§ **Data block**:
________________________________________

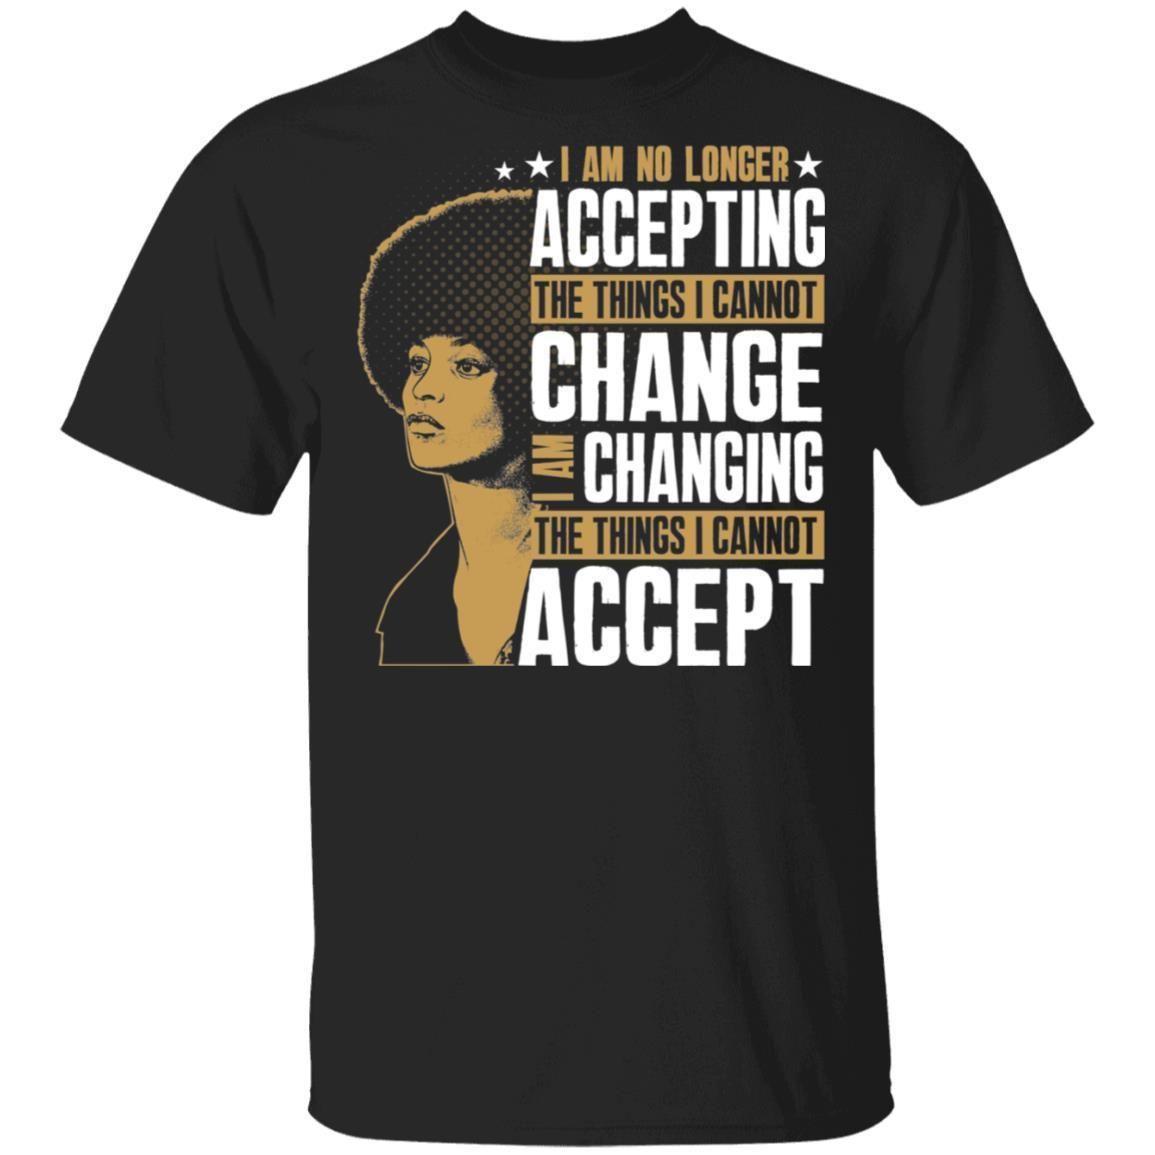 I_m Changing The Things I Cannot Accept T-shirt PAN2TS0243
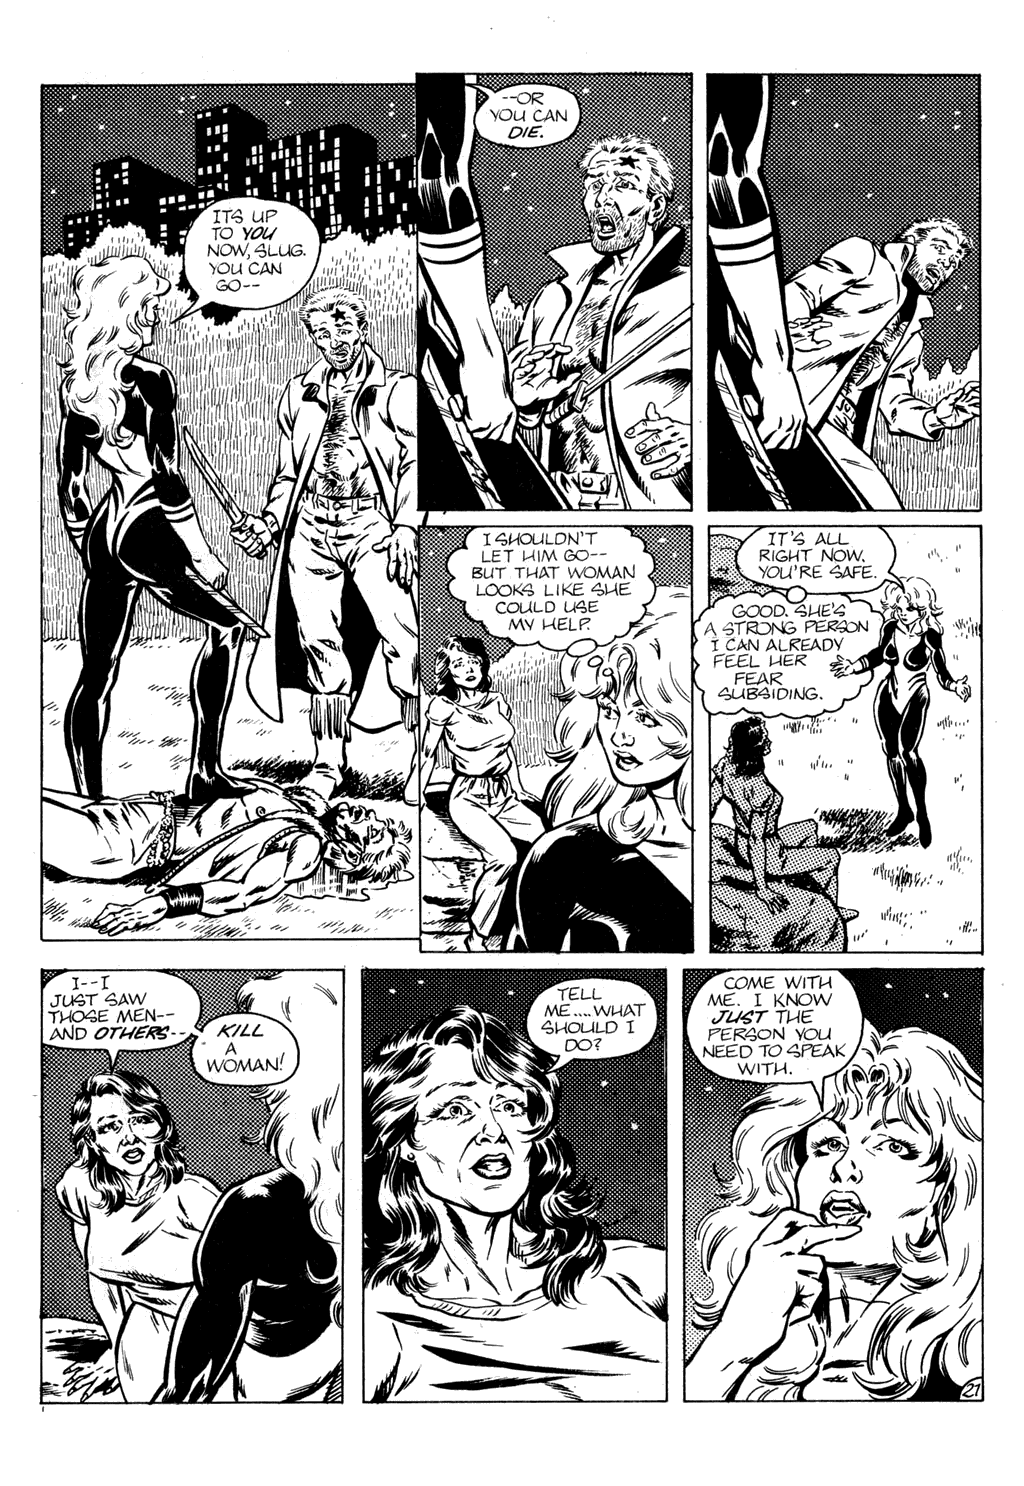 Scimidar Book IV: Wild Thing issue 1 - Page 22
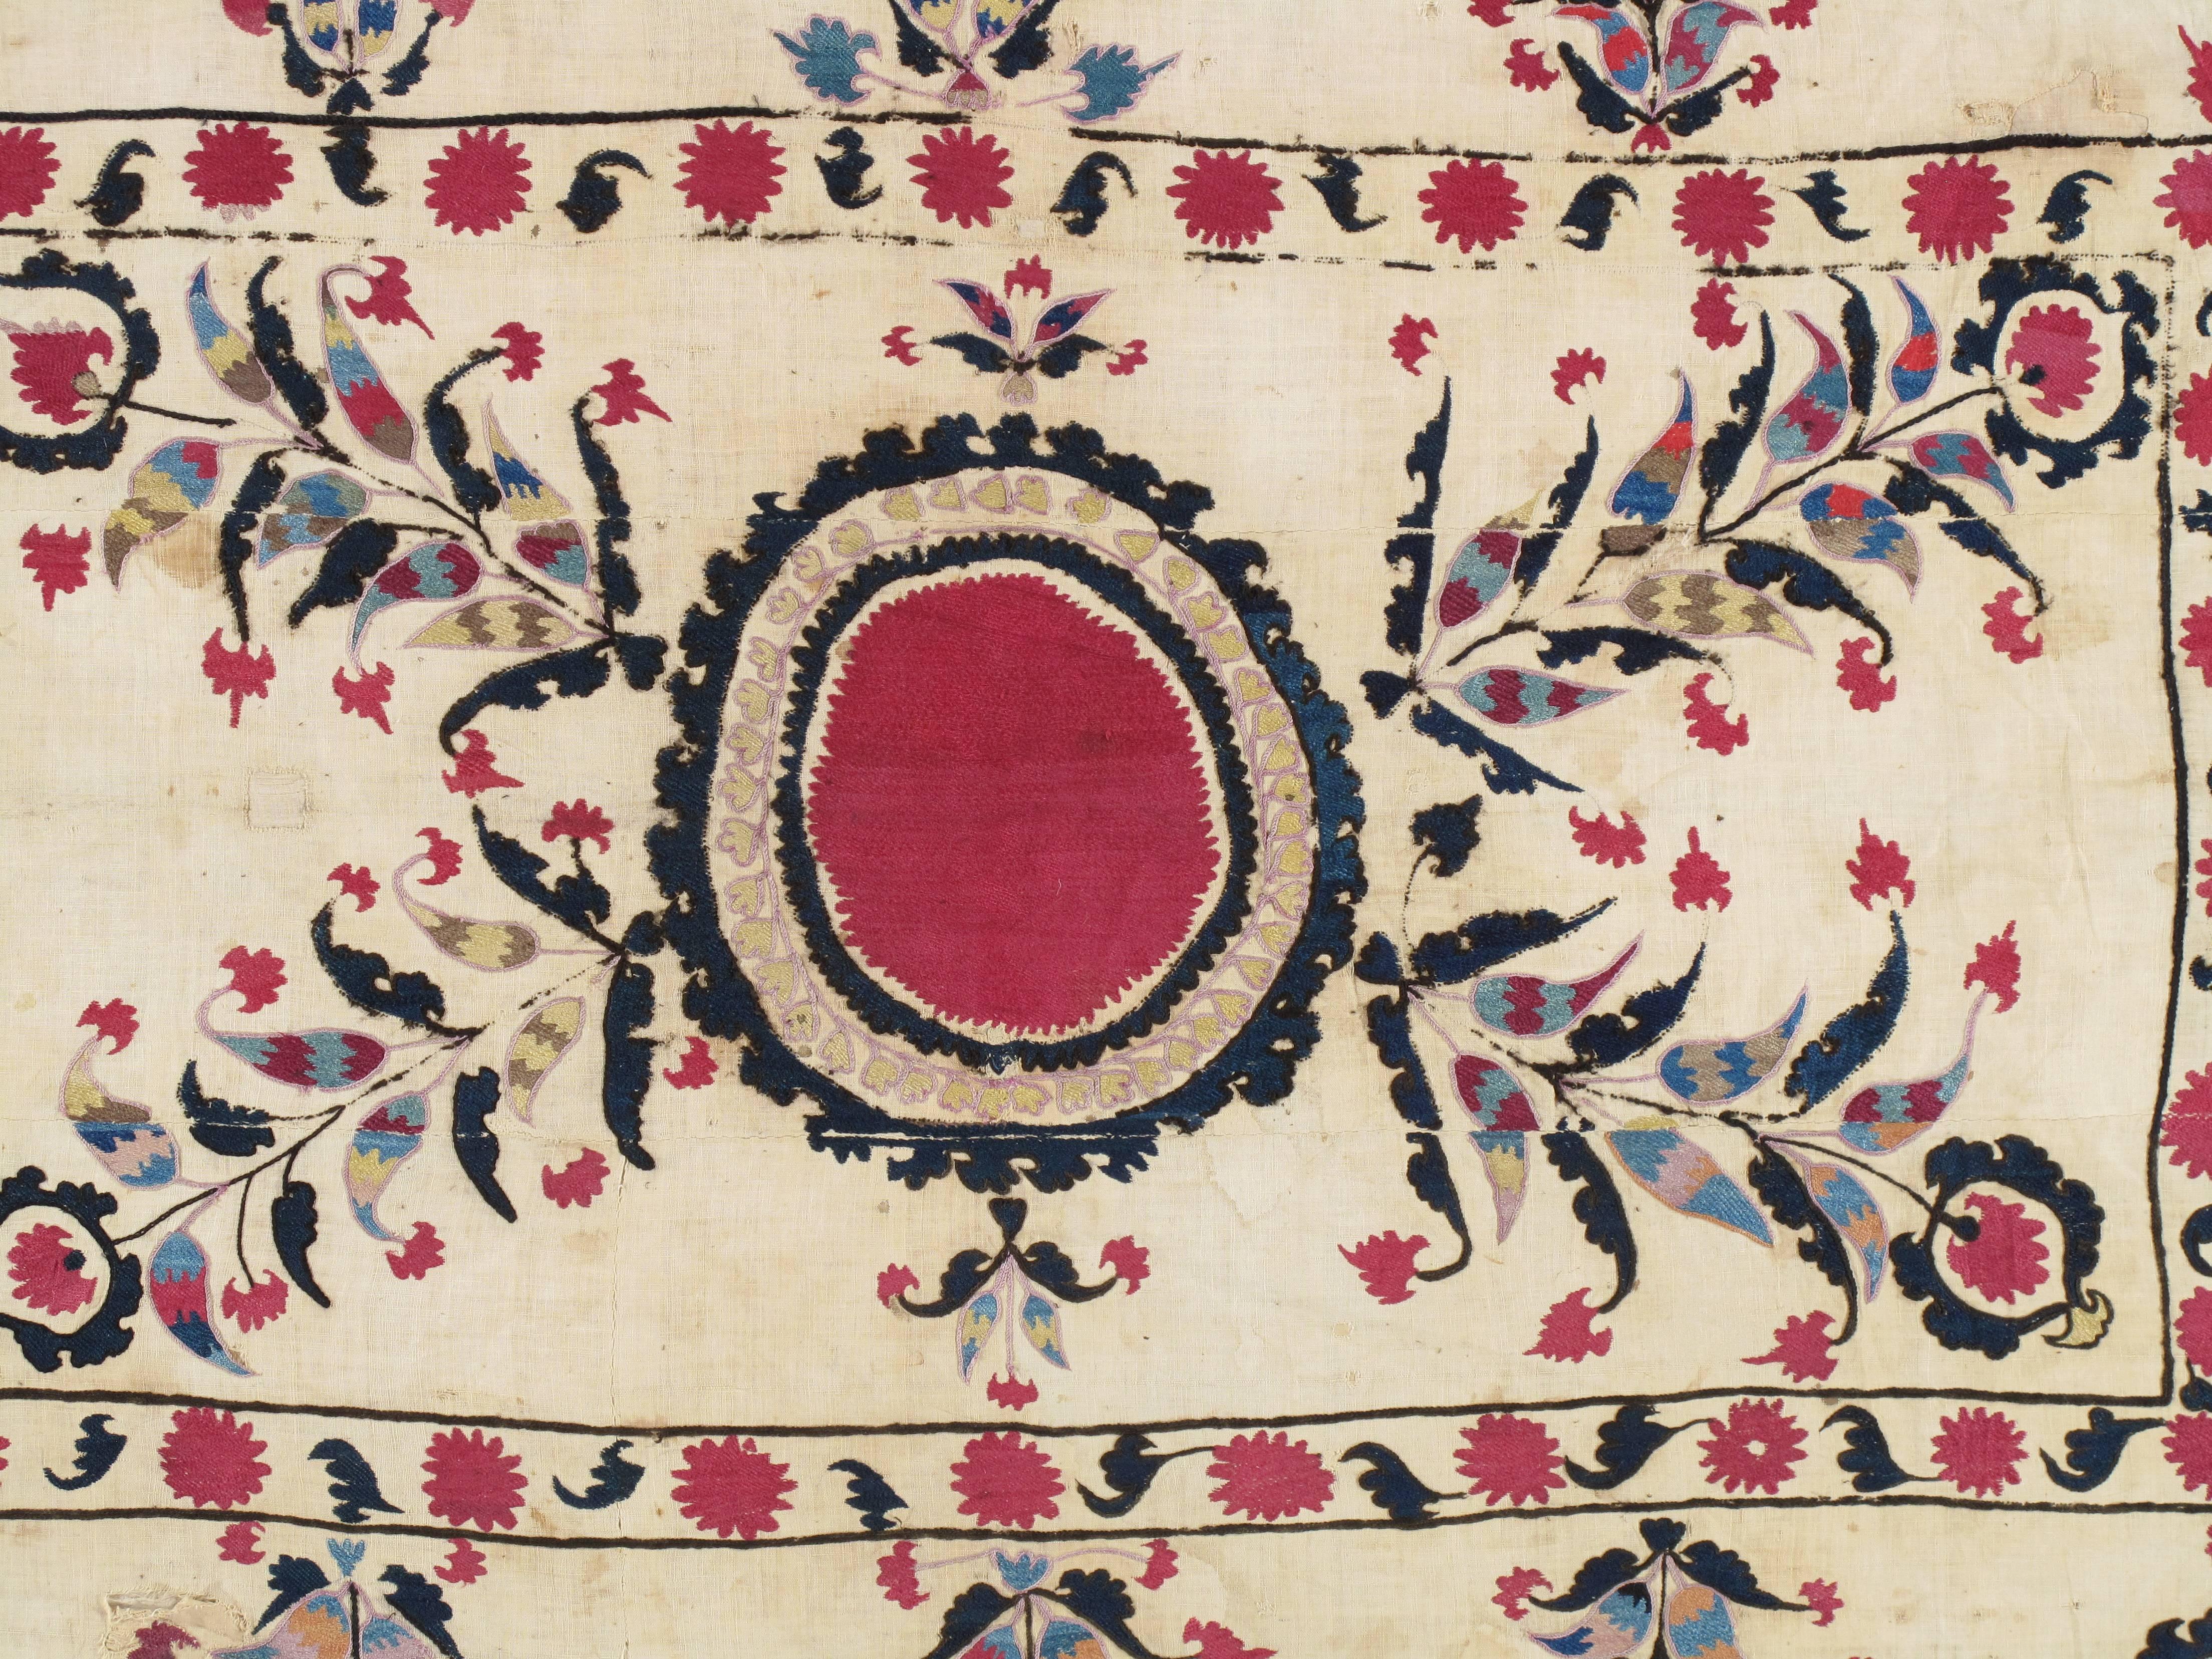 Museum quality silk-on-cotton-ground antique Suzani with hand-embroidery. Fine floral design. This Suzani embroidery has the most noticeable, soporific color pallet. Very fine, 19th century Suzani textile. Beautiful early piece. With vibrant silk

________________________________________

§ **Activity**: Could you output the listing word for word, omitting every picture?

§ **Response to this exercise**:
 I_m Changing The Things I Cannot Accept T-shirt PAN2TS0243
 Scimidar Book IV: Wild Thing issue 1 - Page 22
 Museum quality silk-on-cotton-ground antique Suzani with hand-embroidery. Fine floral design. This Suzani embroidery has the most noticeable, soporific color pallet. Very fine, 19th century Suzani textile. Beautiful early piece. With vibrant silk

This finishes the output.